From Joseph’s book, Mindfulness:
…contrary to some popular beliefs, our aim should be not to follow the heart but to train the heart. All of us have a mix of motivations; not everything in our hearts is wise or wholesome. The great power of mindful discernment allows us to abandon what is unwholesome and to cultivate the good. This discernment is of inestimable value for our happiness and wellbeing.
Before you impulsively react to a thought (and maybe blurt out something stupid or do something rash), just ask yourself one simple question:
“Is it useful?”
Where is this action leading? Do I want to go there? …This thought which has arisen, is it helpful? Is it serving me or others in some way or is it not? Is it just playing out perhaps old conditions of fear or judgment or things that are not very helpful for ourselves or others? Mindfulness really helps us both see and discern the difference and then it becomes the foundation then for making wiser choices and why the choices lead to more happiness. It’s really simple. It’s not easy to do, but it’s very simple.
And Sharon adds:
What we’re talking about with mindfulness is not in any way eradicating thoughts or annihilating them, but being able to have a little bit of space so we can make a clear decision: “Do I want to nurture this or do I want to let it go?”
Telling yourself what you just did was dumb might be harsh but it might lead you to get your act together. Telling yourself you’re dumb 400 times in 15 minutes? Um, is that useful?
You miss your flight. Your first reaction might be to take the anger inside you and vent it on the person at the airline’s front desk. I gotta ask: is that useful?
(To learn how to do mindfulness meditation, click here.)
So we’ve dealt a lot with how mindfulness helps you cope with the negative. Enough defense. Time for some offense. How does mindfulness boost happiness?
Mindfulness makes compassion easier. How, you ask? Well, if you faint at the sight of blood, you won’t be a good surgeon.
To be compassionate you have to be able to get close to someone’s pain. But often this is too intense. It hurts to see someone you love suffer. Your brain’s impulsive reaction can be: “PAIN BAD. RUN AWAY.”

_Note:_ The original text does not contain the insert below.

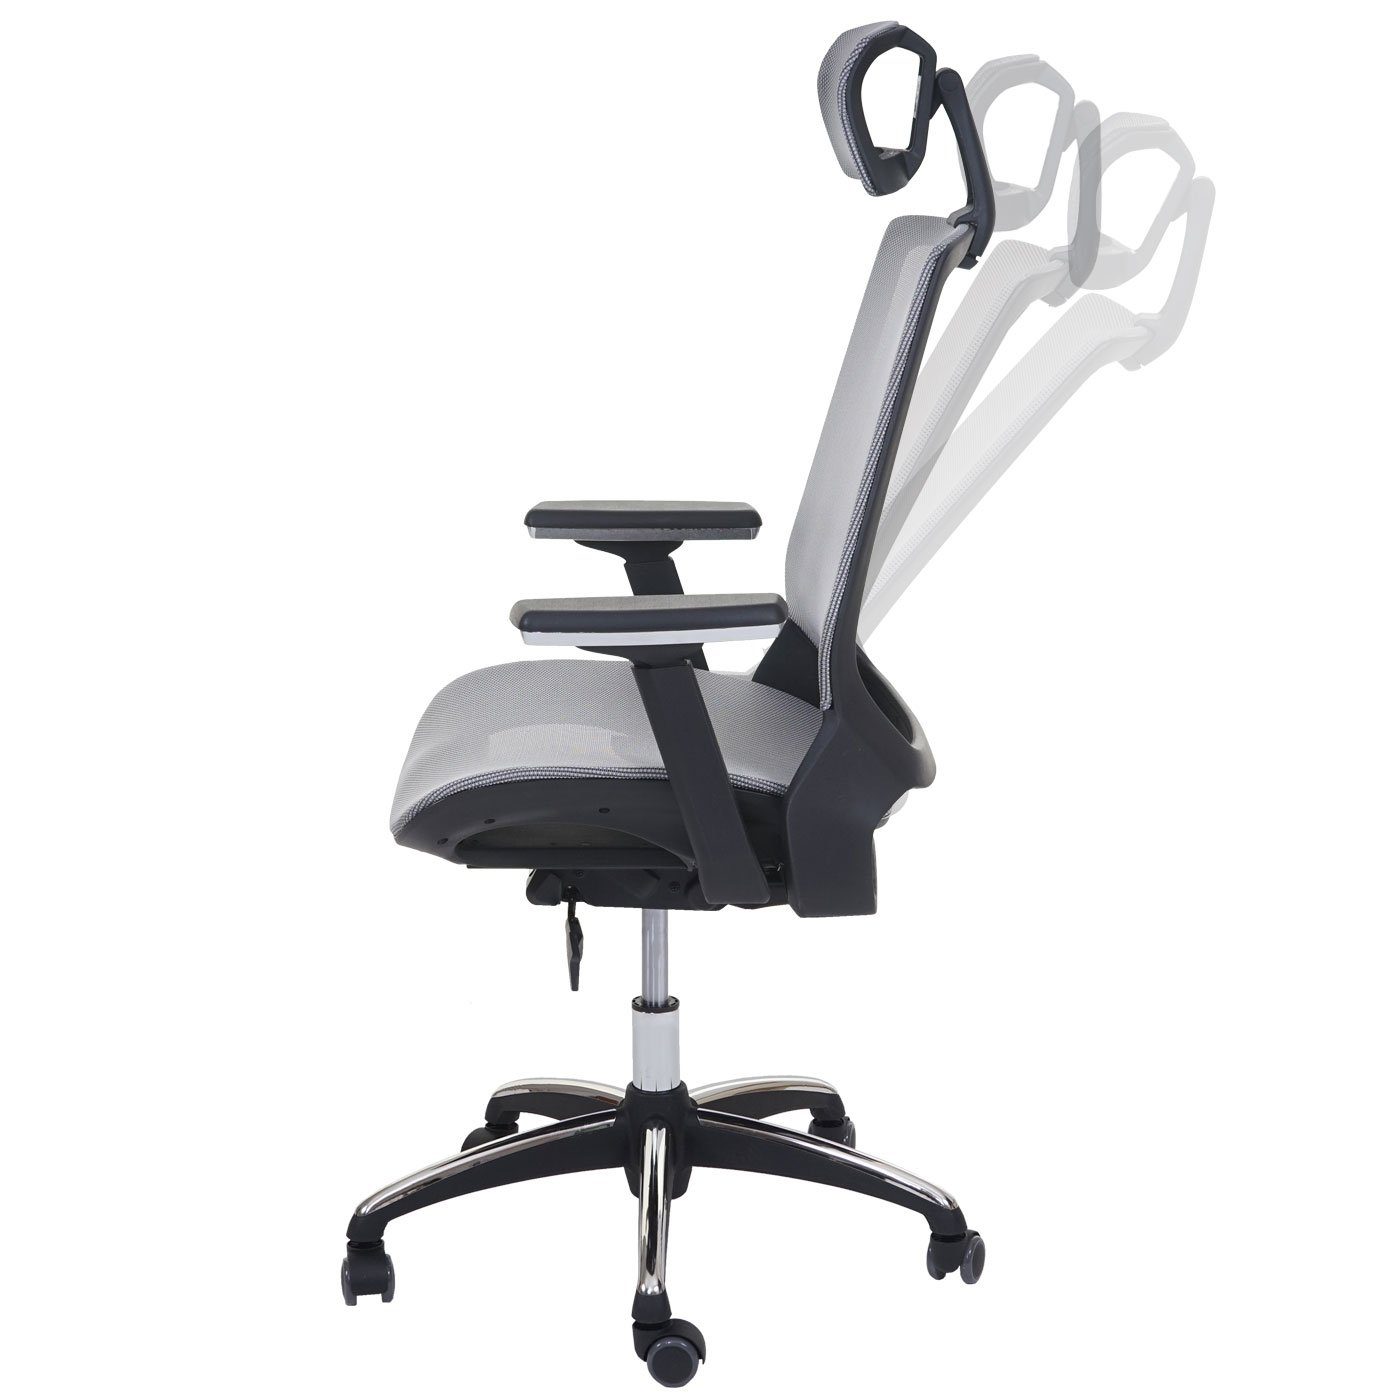 MCW Schreibtischstuhl MCW-A59, Höhenverstellbare Sitzfläche Kopfstütze, tiefenverstellbare grau
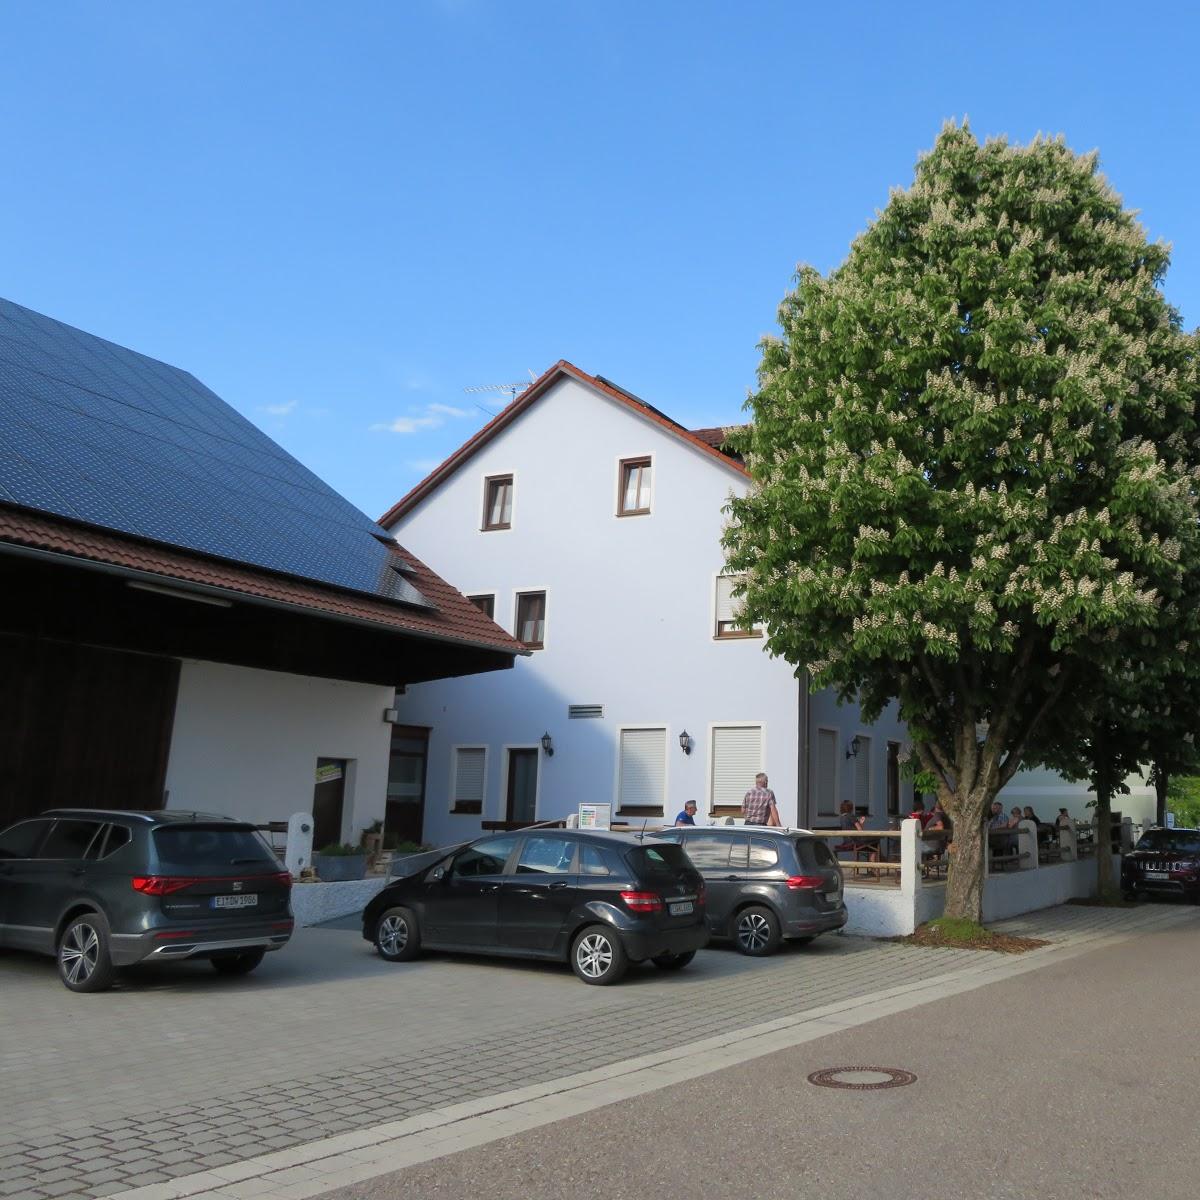 Restaurant "Gasthaus zum Löwen" in  Pollenfeld

You need to not be overwhelmed by the feeling in order to remedy it and mindfulness helps you keep that distance so you can be of help. Here’s Joseph:
Mindfulness has a key role in the development of compassion. In the face of suffering, compassion is that desire of, “How can I help in this situation?” What’s necessary for compassion to arise is a willingness to come close to the suffering and this is not always easy to do. Very often in the face of suffering you don’t want to see it because it’s unpleasant. Mindfulness allows us to let it in and when we let it in and come close to it, that’s precisely the condition for compassion to arise.

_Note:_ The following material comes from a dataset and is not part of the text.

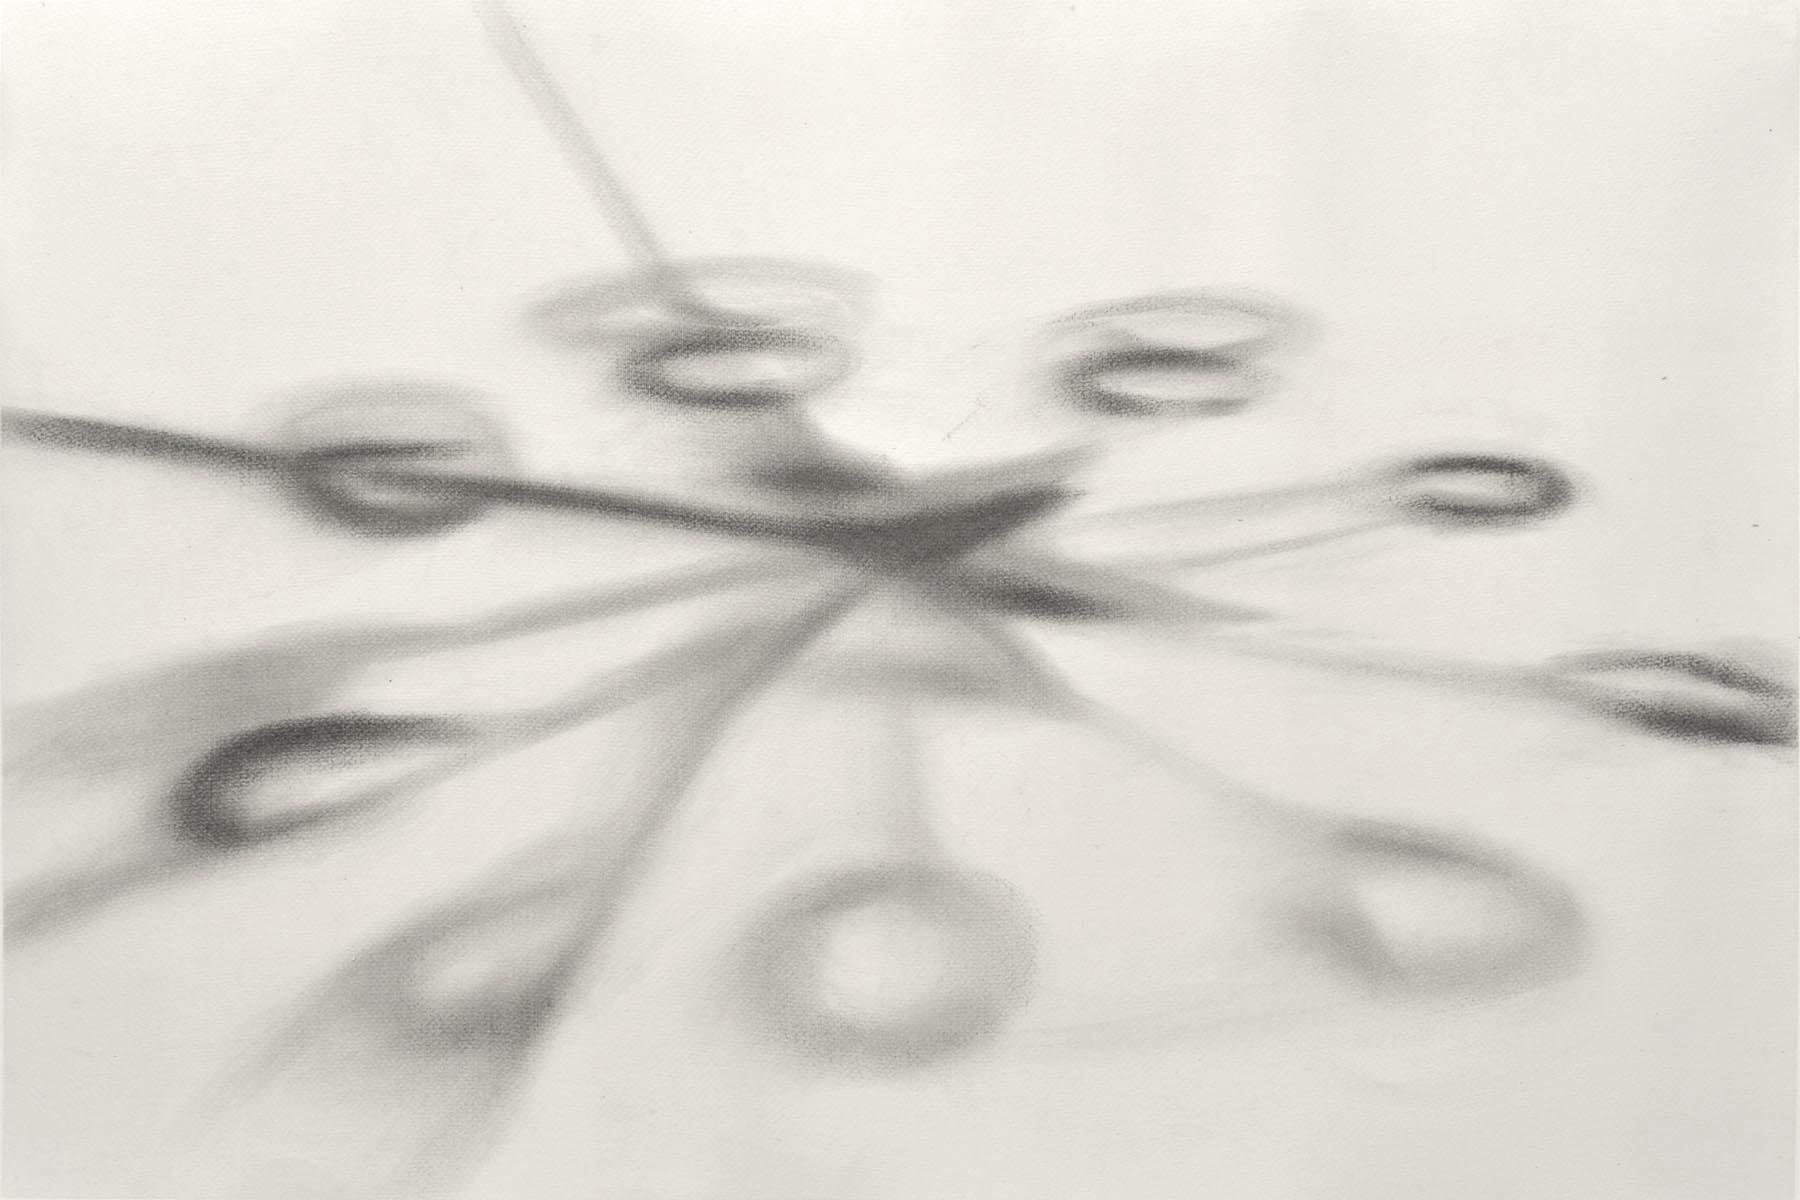 Antonio Marchetti Lamera, Raggi ombrosi, 2019, graphite on paper, 70 x 100 cm

(To learn how to get people to like you — from an FBI behavior expert, click here.)
Time to round all this info up and learn the most powerful method for increasing mindfulness…
Here’s how to be more mindful and happy:
You’re not gonna be the Mayor of Mindfulness City by tomorrow. It takes time. But you’ll get better. And something that really helps is meditation.
Plenty of research shows the benefits of meditating but what’s its connection to mindfulness, you ask?
Meditation helps you practice the elements of mindfulness in a very controlled setting. It’s like going to the gym for your mindfulness muscles:
But whether you meditate or not, what’s most important is getting some distance from your thoughts, deciding which ones are useful, which ones will make you and others happy, and acting on them.
When you believe you are your thoughts, it can lead to a lot of unhappiness. It’s a mistake. Sharon told me a heartwarming story about a mistake someone else made:
This young woman said to me recently that her whole young life she had thought that the expression was, “It’s a doggy-dog world,” and then someone told her, “No, it’s a dog-eat-dog world,” and she was horrified. She said, “No, I don’t want it to be a dog-eat-dog world! I want it to be a doggy-dog world!”
See the thoughts, don’t be the thoughts. Label’em. And then decide if they’re useful. If they make your life better, if they’re compassionate, then the answer is yes.
If you’re mindful, it can be a doggy-dog world.